Gov. Phil Murphy today announced that he intends to nominate Rachel Wainer Apter, 40, to the New Jersey Supreme Court. She will replace Associate Justice Jaynee LaVecchia, who is slated to retire at the end of the current court term in August.
“Rachel has been unanimously recommended by my Judicial Advisory Panel, whose membership includes two former Chief Justices,” Murphy said during an announcement this morning at Ruth Bader Ginsburg Hall at Rutgers–Newark. “Pending her review by the New Jersey State Bar Association Judicial and Prosecutorial Appointments Committee, I will formally send her nomination to the State Senate for their advice and consent.”
Pening those approvals and formal nomination from the governor, Wainer Apter would become the 41st justice to serve on New Jersey’s Supreme Court.
She currently serves as director of the New Jersey Division on Civil Rights, and previously served as counsel to the State Attorney General, advising on civil rights and immigration matters, including leading the New Jersey team that defeated a motion by seven other states to end Deferred Action for Childhood Arrivals (DACA).
“Serving on the New Jersey Supreme Court is the most important trust that can be placed in a lawyer in this state,” Wainer Apter said. “The cases that the Supreme Court hears concern issues of fundamental importance to the state and to all of us as individuals, including how our society will live up to the promise of equal justice under the law.”
After law school, Wainer Apter served as a law clerk for Justice Ruth Bader Ginsburg on the United States Supreme Court, Judge Robert Katzmann on the United States Court of Appeals for the Second Circuit, and Judge Jed Rakoff on the United States District Court for the Southern District of New York.

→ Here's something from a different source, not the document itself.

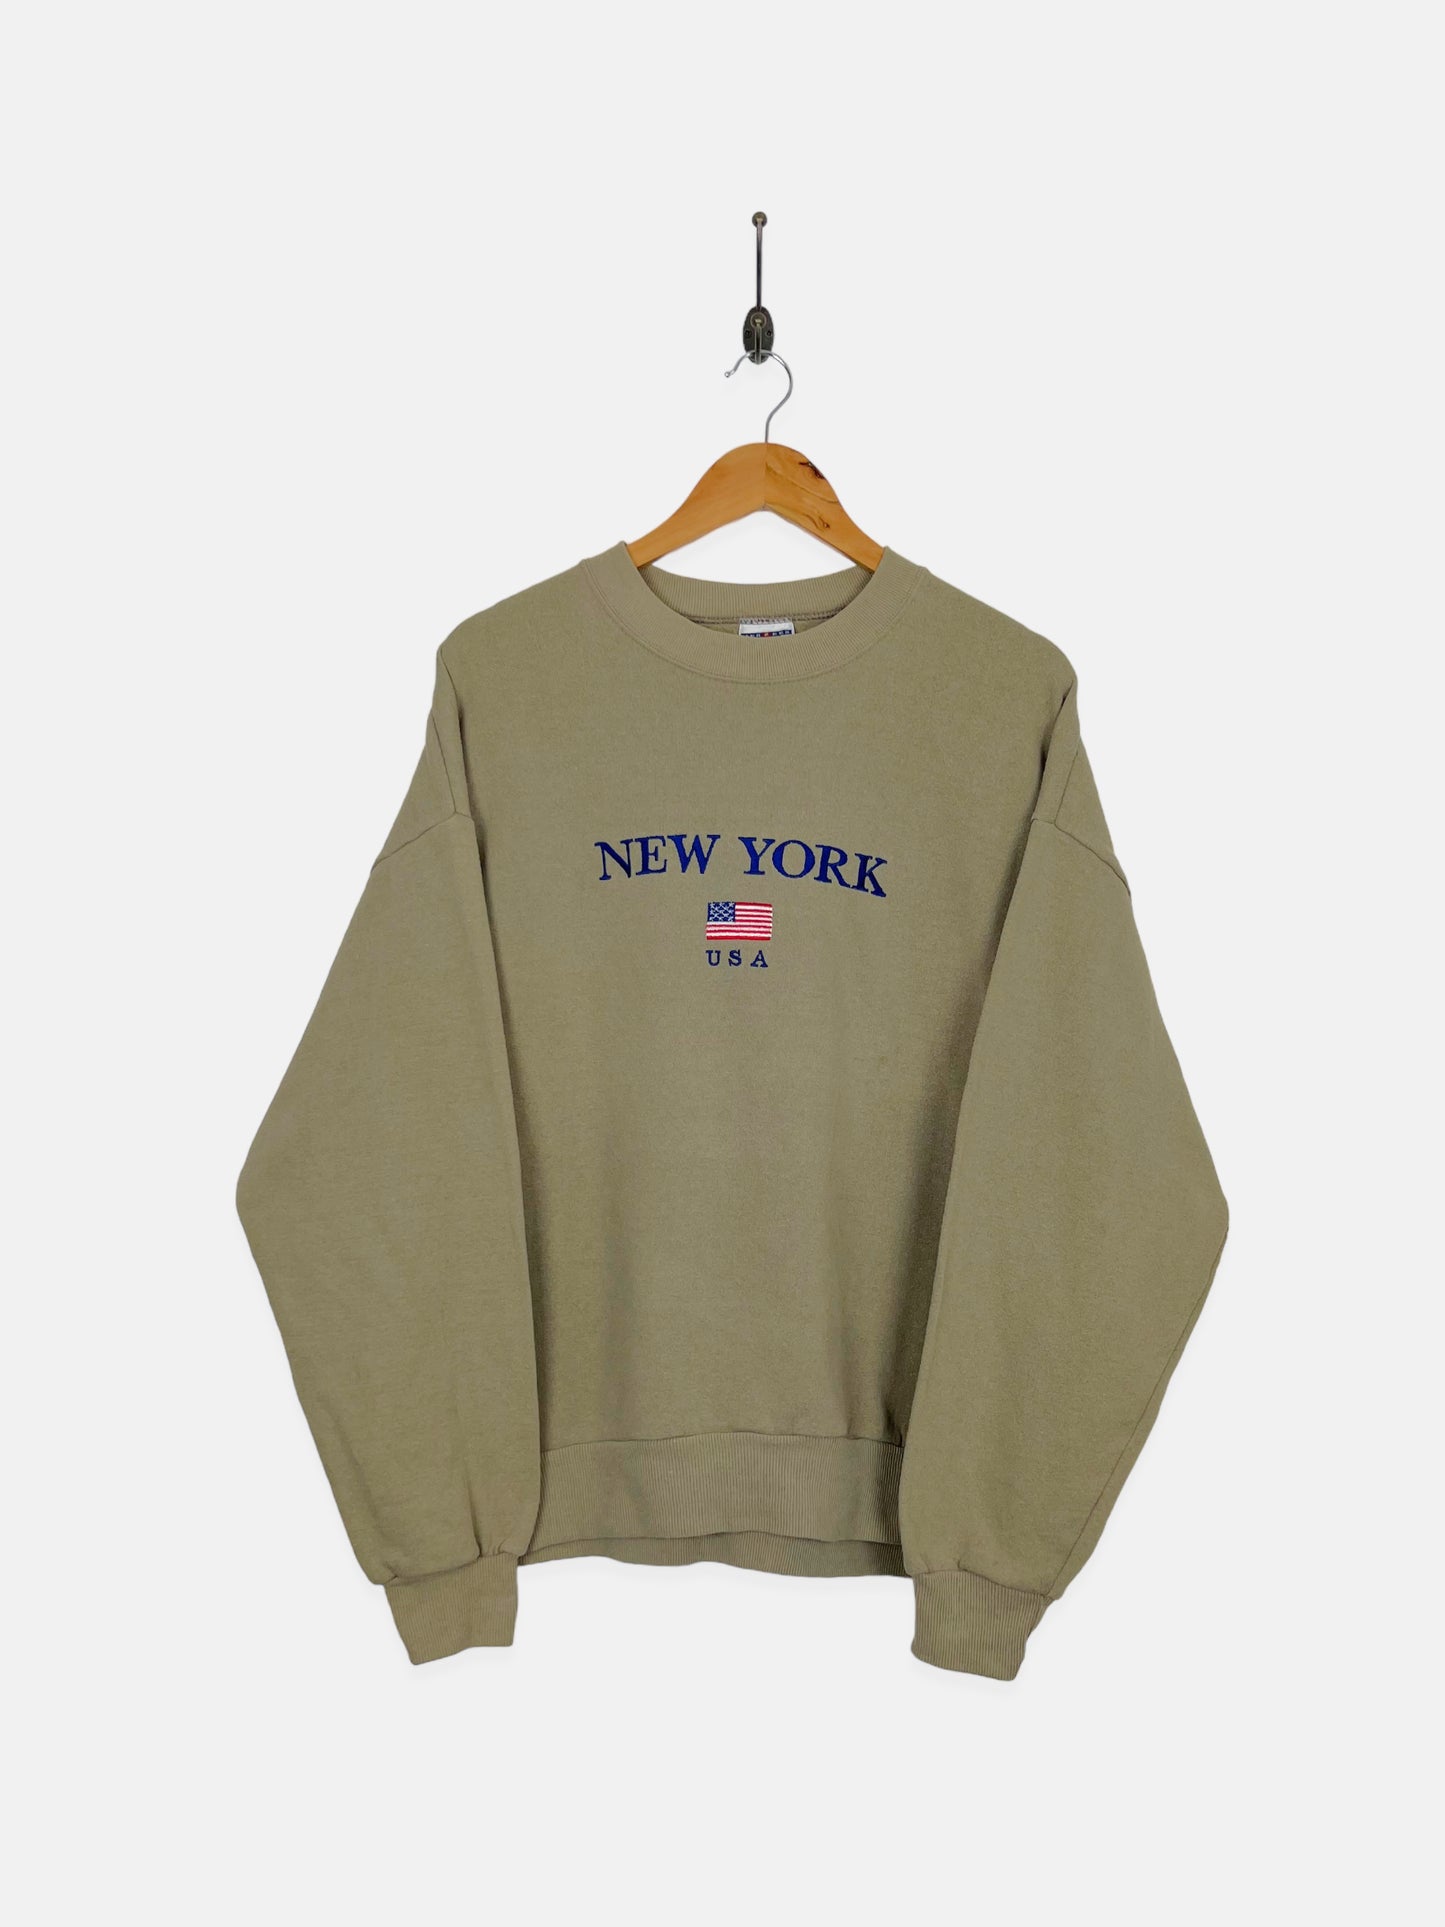 90's New York USA Embroidered Vintage Sweatshirt Size M-L

“Two values that I both admired about and shared with Justice Ginsburg [were] a central belief in the equality and dignity of all people – that everyone should be able to dream, to achieve, and to set the course of their own lives without barriers based on race, religion, nationality or ethnicity, gender identity, sexual orientation, or disability,” Wainer Apter said. “The second is a belief in the importance of the law not simply as a subject to be debated, but as something that profoundly impacts the lives of individual people each day.”
She added that a large part of her professional career has focused on addressing systemic inequality. At the American Civil Liberties Union (ACLU), Wainer Apter worked on major civil rights and constitutional cases to defend anti-discrimination laws, protect the right to vote, and safeguard the constitutional rights of people accused of crimes.
“While counsel to the Attorney General, I worked with stakeholders to draft the Immigrant Trust Directive, which curtails the involvement of New Jersey law enforcement officers in federal civil immigration enforcement,” Wainer Apter said. “And at the Division on Civil Rights, I have worked to broaden the New Jersey Law Against Discrimination, combat sexual harassment and the rise in hate and bias, and tackle systemic racism.”
Wainer Apter graduated from the University of Pennsylvania, summa cum laude, and received her law degree from Harvard Law School, magna cum laude. A native of Rockaway, she lives in Englewood with her husband Jonathan and three children.